Channel V emerged because Star India and Viacom Network, which had banded together to bring MTV to the country, had a falling out. Star India wanted to localise the content, but MTV preferred to continue with its singular focus on international songs. Channel V, Star India’s answer to MTV, began producing original Indian content with a host of fresh faces as video jockeys.
To popularise the channel, its fiery creative team (director Shashanka Ghosh and writer Rajesh Devraj) came up with a series of “sambhar western” promos featuring the character Quick Gun Murugan. (He later went on to have his own feature film in 2009.)
Quick Gun Murugan was followed by a host of madcap mascots – zany spins on cultural stereotypes – featuring in irreverent sketches, the likes of which Indian television had not seen.
One of them was Aunty 303, a single mother who dotes on her son in the day, and dons a leather jacket and goggles in the night to fight crime lord Naughty Boy (Razak Khan). Played by Paromita Vohra, Aunty 303 appeared in a bunch of one-minute black-and-white promos influenced by early American pulp magazines.
Another memorable Channel V mascot was Jawalkar, without a V. A parody of a Latin American dictator, Jawalkar, in his blue regalia and red sash, walked from door to door to confiscate anything that would make the V sign. On spotting any possible V, he would shout “Gheun tak” (Take it, in Marathi) to his minions. In his spare time, Jawalkar would censor content on Channel V by regulating the intensity of Michael Jackson’s pelvic thrusts.
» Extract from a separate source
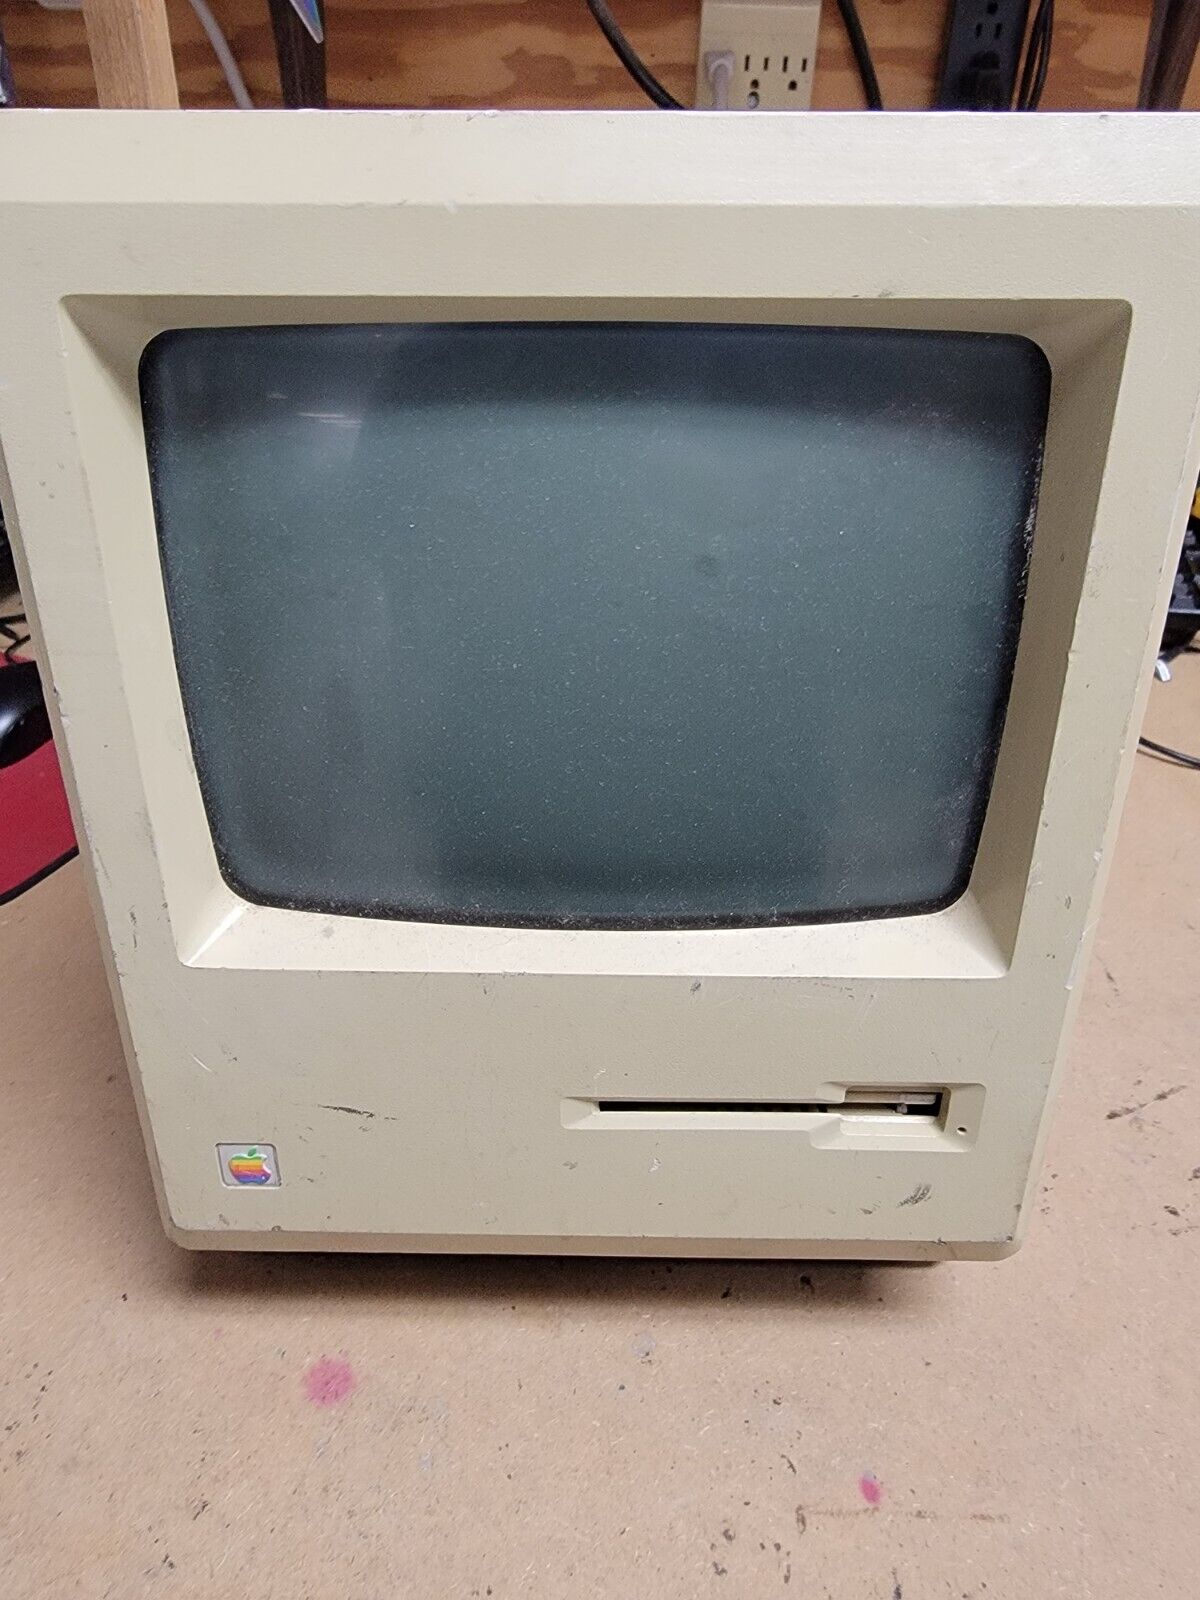 Vintage Apple Macintosh Plus 1MB Model M0001A - Powers on but no video
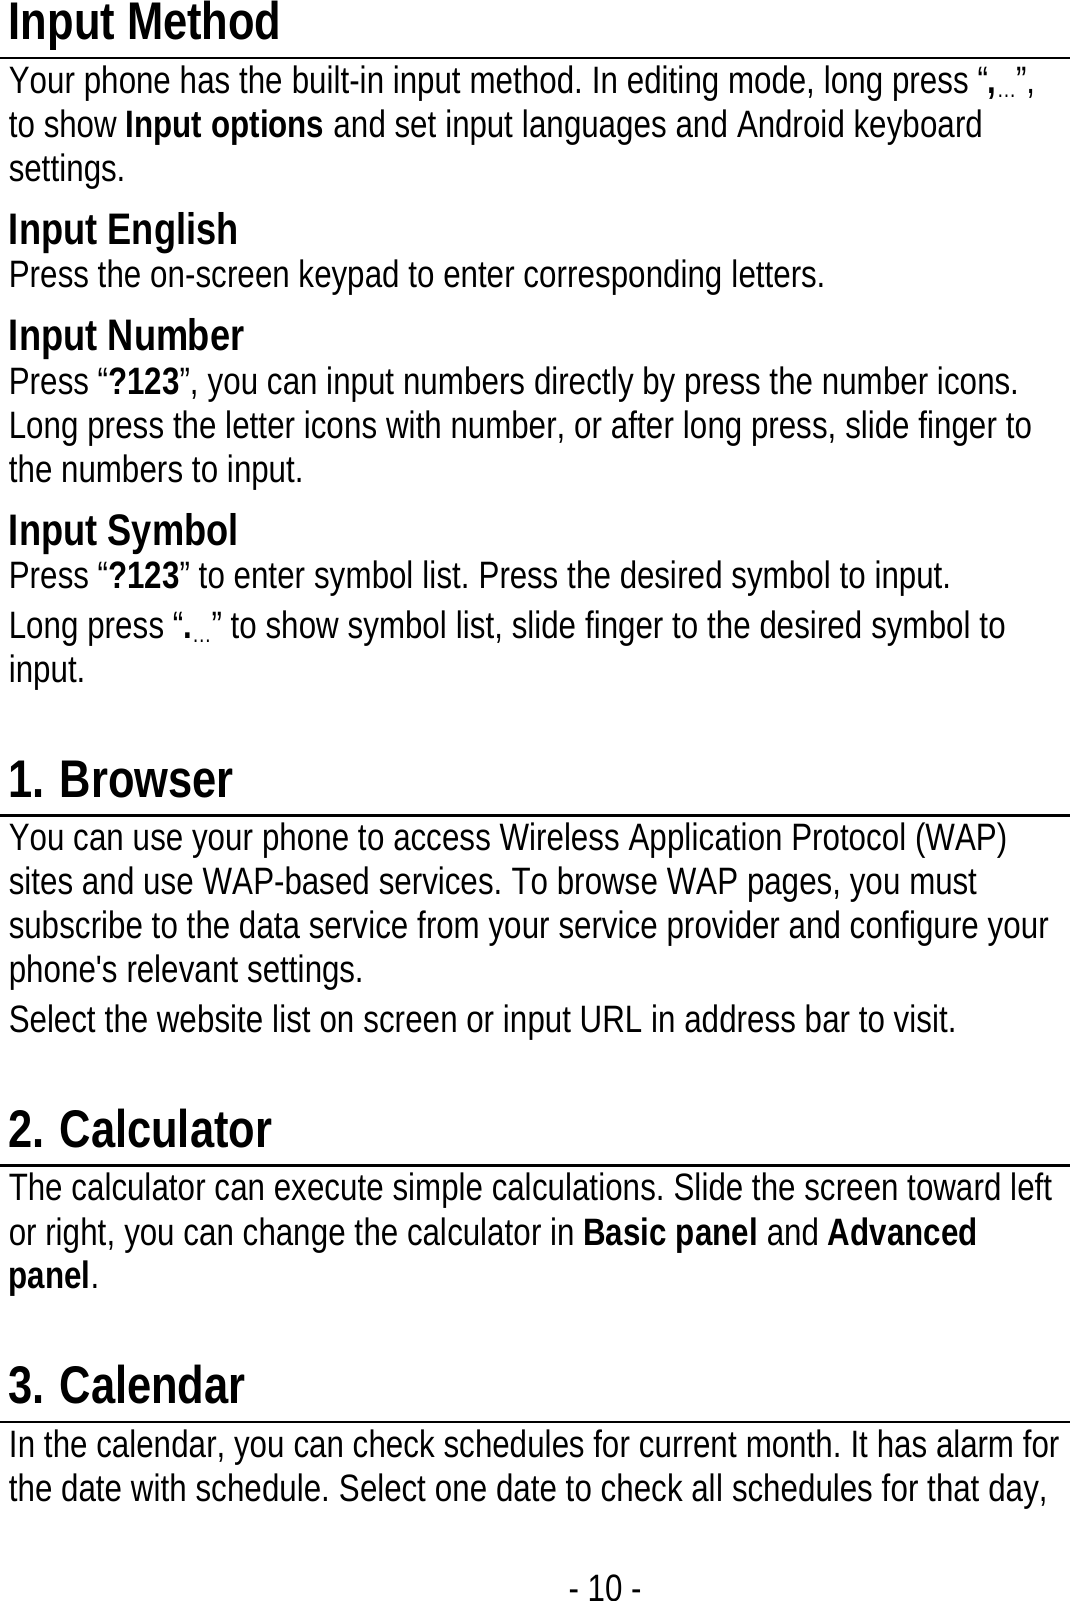  - 10 - Input Method Your phone has the built-in input method. In editing mode, long press “,…”, to show Input options and set input languages and Android keyboard settings. Input English Press the on-screen keypad to enter corresponding letters. Input Number Press “?123”, you can input numbers directly by press the number icons. Long press the letter icons with number, or after long press, slide finger to the numbers to input. Input Symbol Press “?123” to enter symbol list. Press the desired symbol to input. Long press “.…” to show symbol list, slide finger to the desired symbol to input.  1. Browser You can use your phone to access Wireless Application Protocol (WAP) sites and use WAP-based services. To browse WAP pages, you must subscribe to the data service from your service provider and configure your phone&apos;s relevant settings. Select the website list on screen or input URL in address bar to visit.  2. Calculator The calculator can execute simple calculations. Slide the screen toward left or right, you can change the calculator in Basic panel and Advanced panel.  3. Calendar In the calendar, you can check schedules for current month. It has alarm for the date with schedule. Select one date to check all schedules for that day,

But some V would always remain undetected as a symbol of defiance.
In 1996, a rustic 20-something from Haryana, wrapped in a blanket and holding a stick, calmly informed viewers to vote for the Channel V Music Awards. Or else “thadi khopdi pe chale roadways ki bus.” (A Haryana Roadways bus would run over your head). This was Udham Singh, played by Manish Makhija, who wrote his own scripts. Udham Singh was not just a mascot but also the occasional VJ. The character became so popular that it went on to feature in a series of advertisements for Limca.
In its list of mascots Channel V also had a range of animated characters. There was Bai, a plump Maharashtrian maid, known for her catchphrase “Itna paisa mein itnayich milenga.” (This is what you get at this price). There was Simpu Singh, a Punjabi schoolteacher always taken advantage of by his naughty students. And the most bizarre of them all – Banjo and Macho, the “space khalasis”. These were two Punjabi truck drivers who travel through space and encounter, among other sights, intergalactic dogs. The clay-motion promo was discontinued after a short run, probably when the suits realised how Macho and Banjo sounded when said with a Punjabi accent.
But no character from the Channel V stable became as popular as Lola Kutty. Played by Anuradha Menon, Lola Kutty was a Malayali woman who had come to Mumbai from Kerala to make it big. Positioned as the “Channel [V] resident beauty on duty”, Lola Kutty quickly won over viewers. Her thick Malayali accent, distinctive costume (spectacles, Kanjeevaram saris and gajra gracing her curly hair), and unusual one-liners (“One man’s beard is another man’s Velcro”) made her wildly stand out among the channel’s other conventional VJs.
From featuring in minute-long promos, Lola Kutty graduated to hosting shows and interviewing Bollywood celebrities. She was often accompanied by her sidekick Alex, a curly-haired village fool from her hometown, always seen in shiny shirts and folded mundu. Together with Alex, Lola Kutty featured in numerous Channel V promos, including parody covers of Western pop hits.
These sketches, spots and characters will now reside in our hearts (and the internet) as misty-eyed nostalgia, always welcome to be revisited as Indian television keeps getting duller and more conservative by the day.